The two countries will struggle to find any more common ground in that area.
President Biden has done little to roll back measures put in place under the Trump administration aimed at limiting China’s access to American technology. U.S. officials fear China will use American software and equipment to build government-supported rivals and develop tools to strengthen its surveillance state, including advanced computers, artificial intelligence and facial recognition systems.
Huawei itself remains a point of contention. American authorities helped secure the release of Meng Wanzhou, the Chinese executive who was detained in Canada. But they are still restricting Huawei’s access to critical American semiconductors and software, crimping its business.

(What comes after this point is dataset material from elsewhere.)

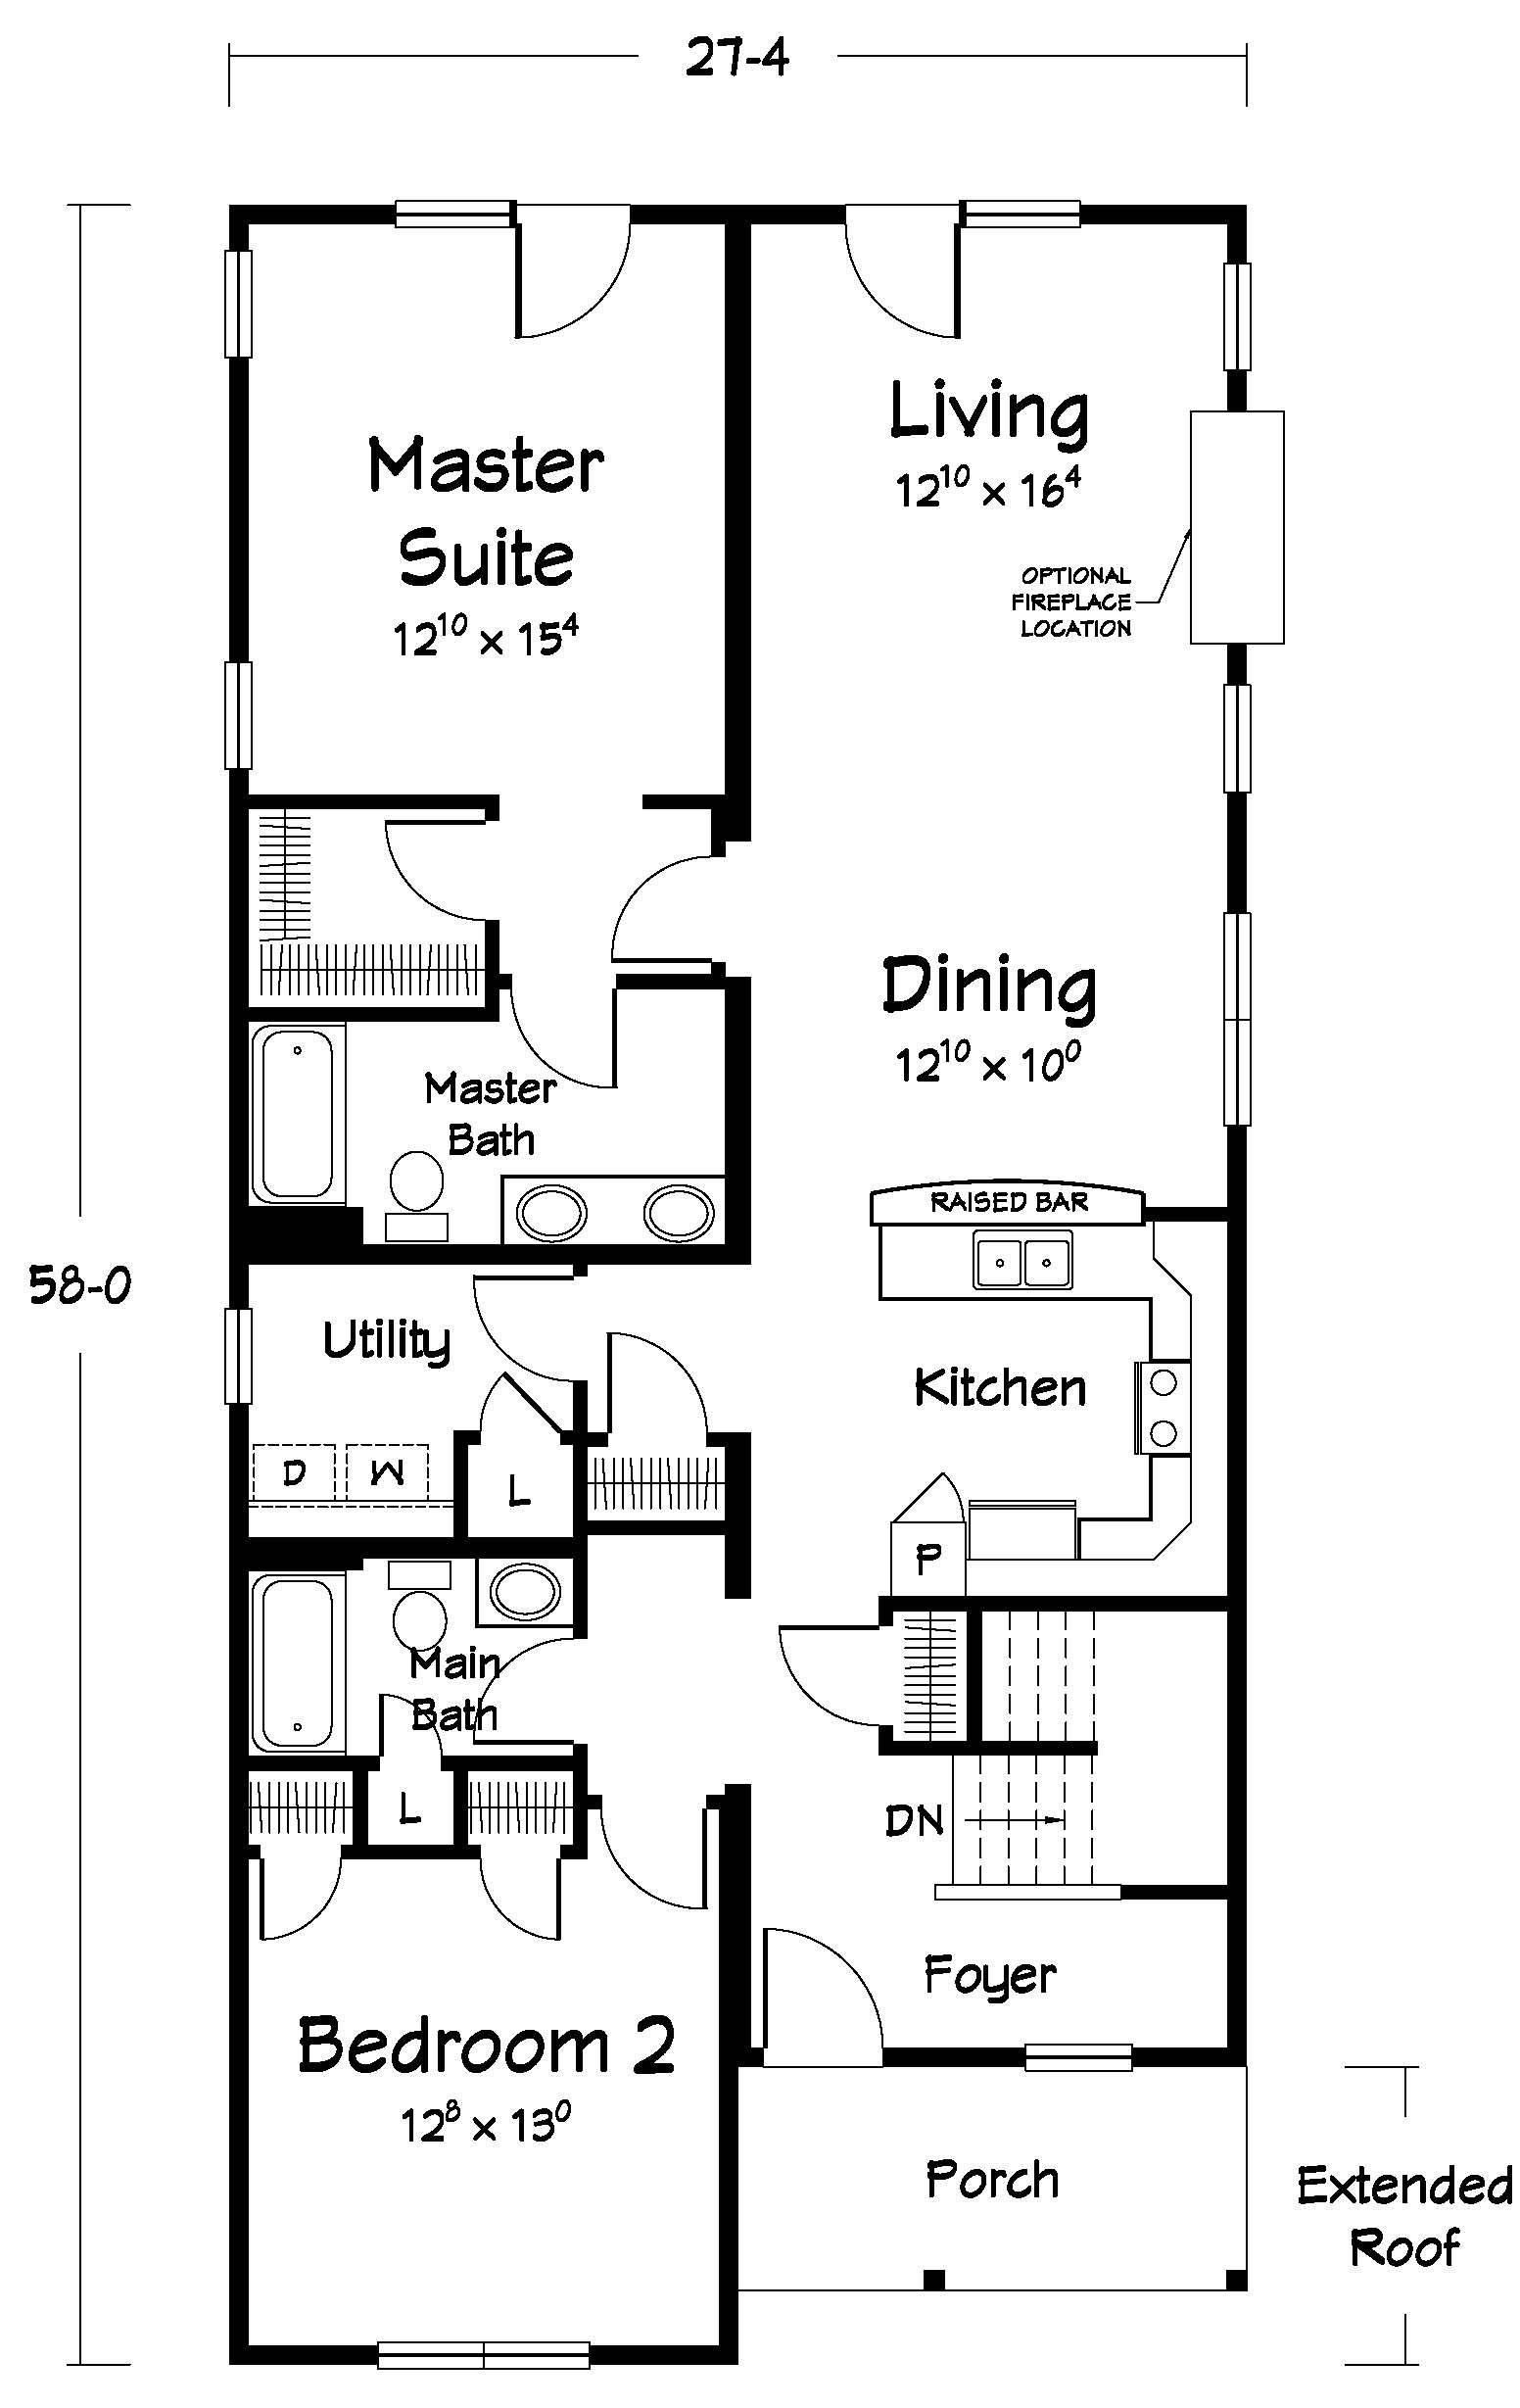 Floor Plans Modular Home Manufacturer Ritz Craft Homes Pa Ny Nc Mi Nj Maine Me Nh Vt Modular Home Plans Bungalow Style House Plans Modular Homes

While parts of the Biden Administration have called for improving economic ties, many American lawmakers are pushing for even tougher measures on Chinese technology firms. Mr. Biden has invoked competition with China to help pass his infrastructure bill, which seeks to bolster American technology competitiveness.
On China’s side, the country’s drive for self-reliance will likely take precedence over taking steps to regain access to American technology. Beijing is unlikely to back away from its tough limits on the flow of data or free expression online. Those positions have effectively locked most major foreign internet firms out of China. One of the last, LinkedIn, said last month it would shut down there.
The two sides could clash over cybersecurity as well. This summer, the United States accused China of a new type of cyberattack that underscored its growing sophistication. China has long insisted it is a victim of hacks and points to revelations from Edward Snowden that showed how American intelligence operators broke into its systems, including Huawei’s computers.